→ Exercise aim
Omit any picture, and return the remaining data exactly as written.

→ Supplied data
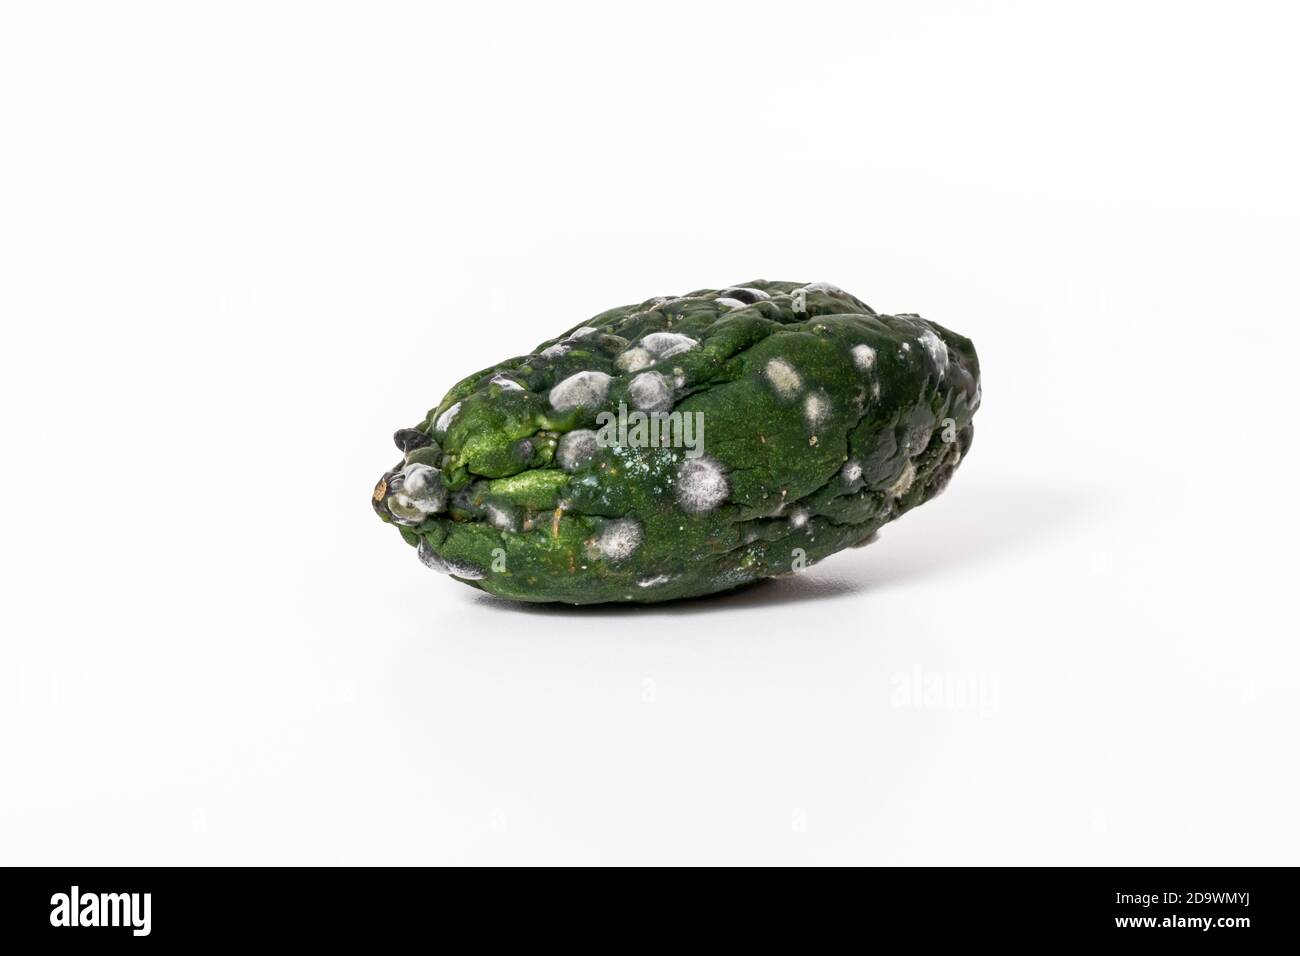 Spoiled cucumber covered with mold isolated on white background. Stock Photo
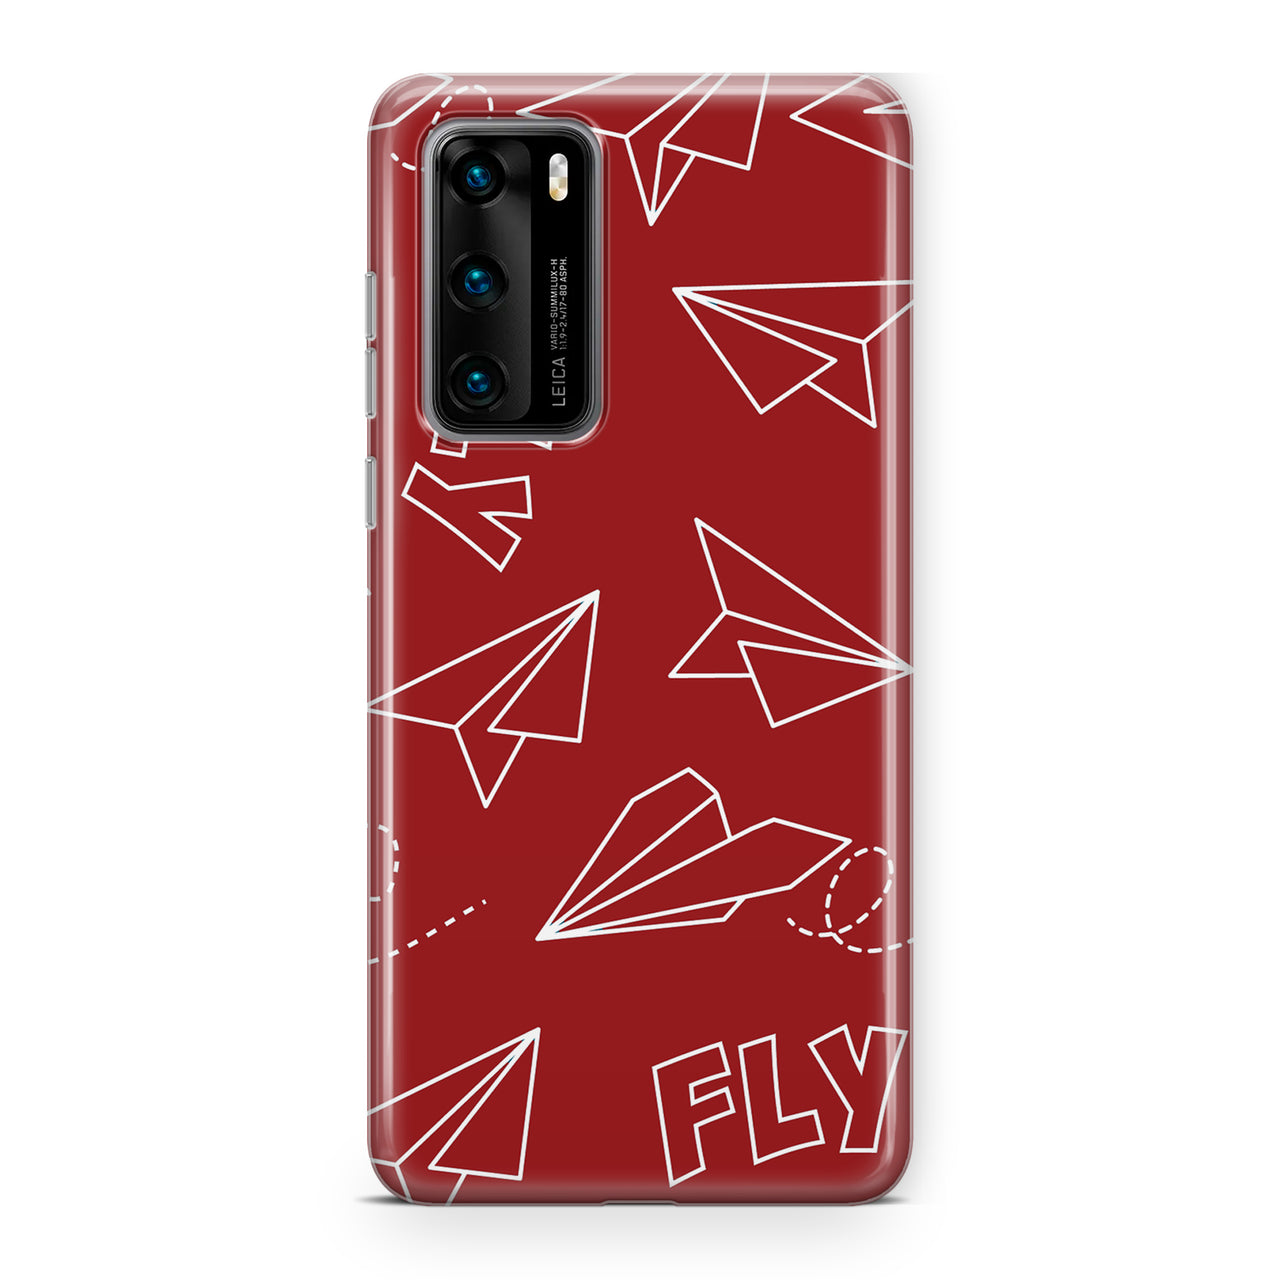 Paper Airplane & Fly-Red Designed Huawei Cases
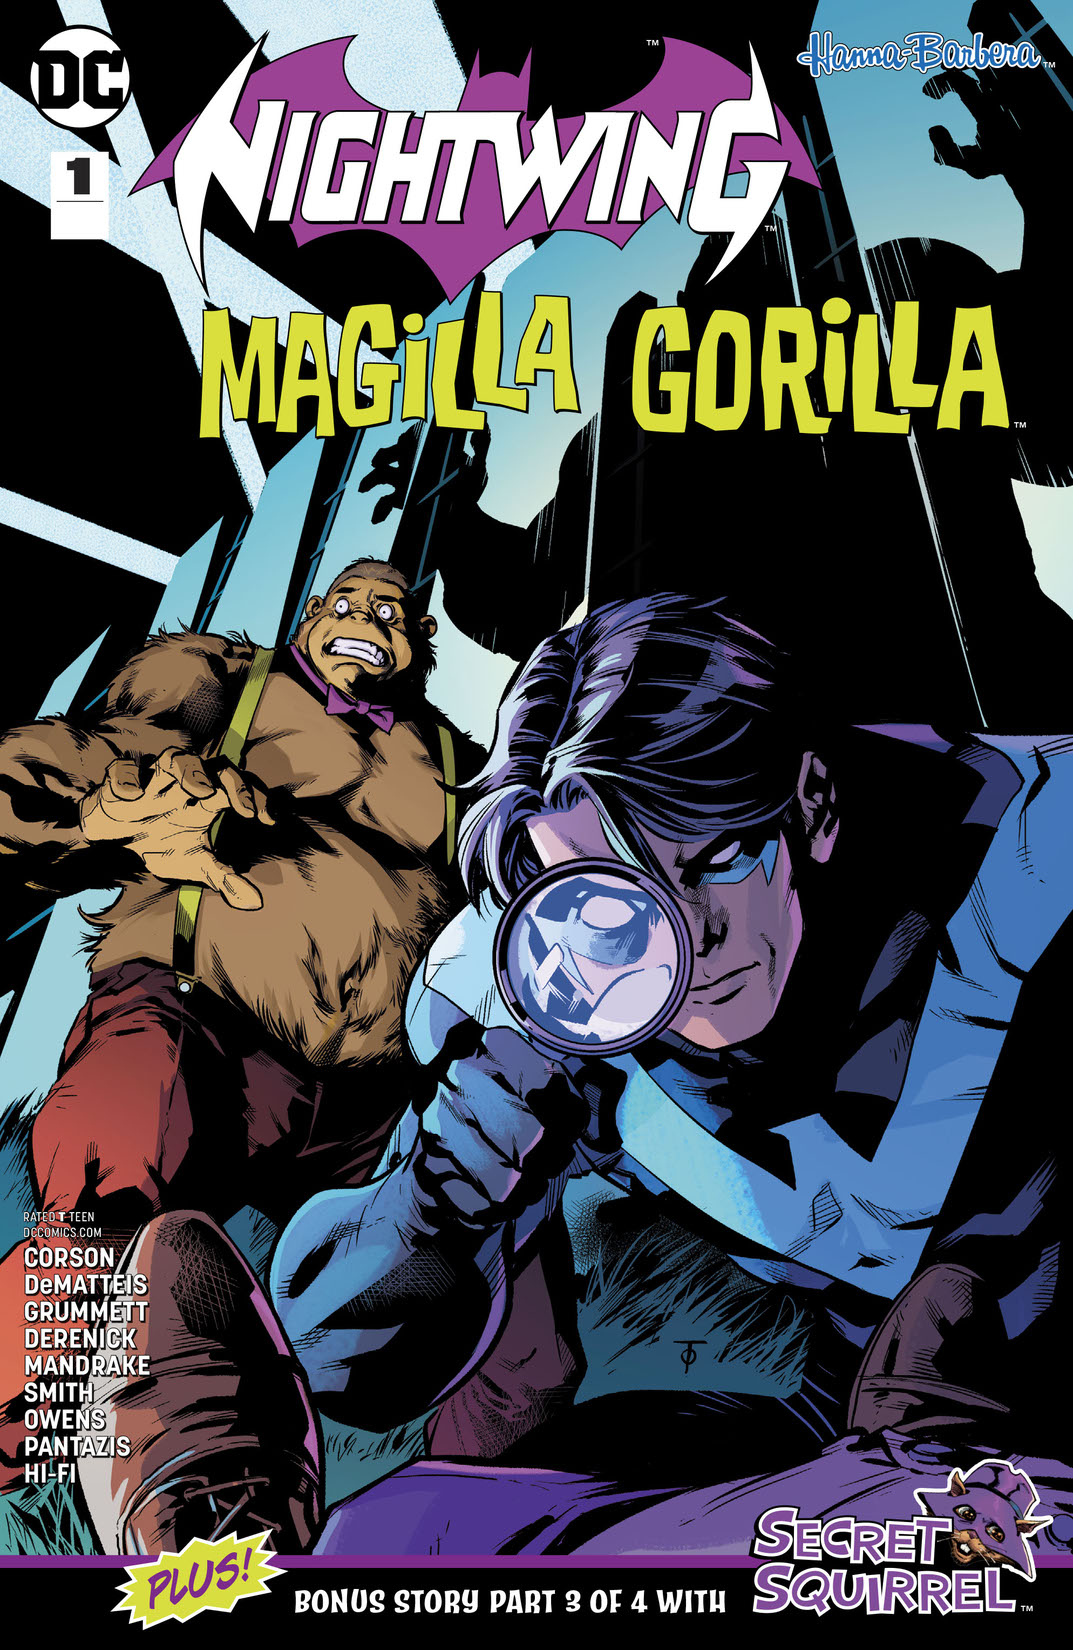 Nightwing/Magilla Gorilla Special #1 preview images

→ Solution for this exercise
 Spoiled cucumber covered with mold isolated on white background. Stock Photo
 Paper Airplane & Fly-Red Designed Huawei Cases
 Nightwing/Magilla Gorilla Special #1 preview images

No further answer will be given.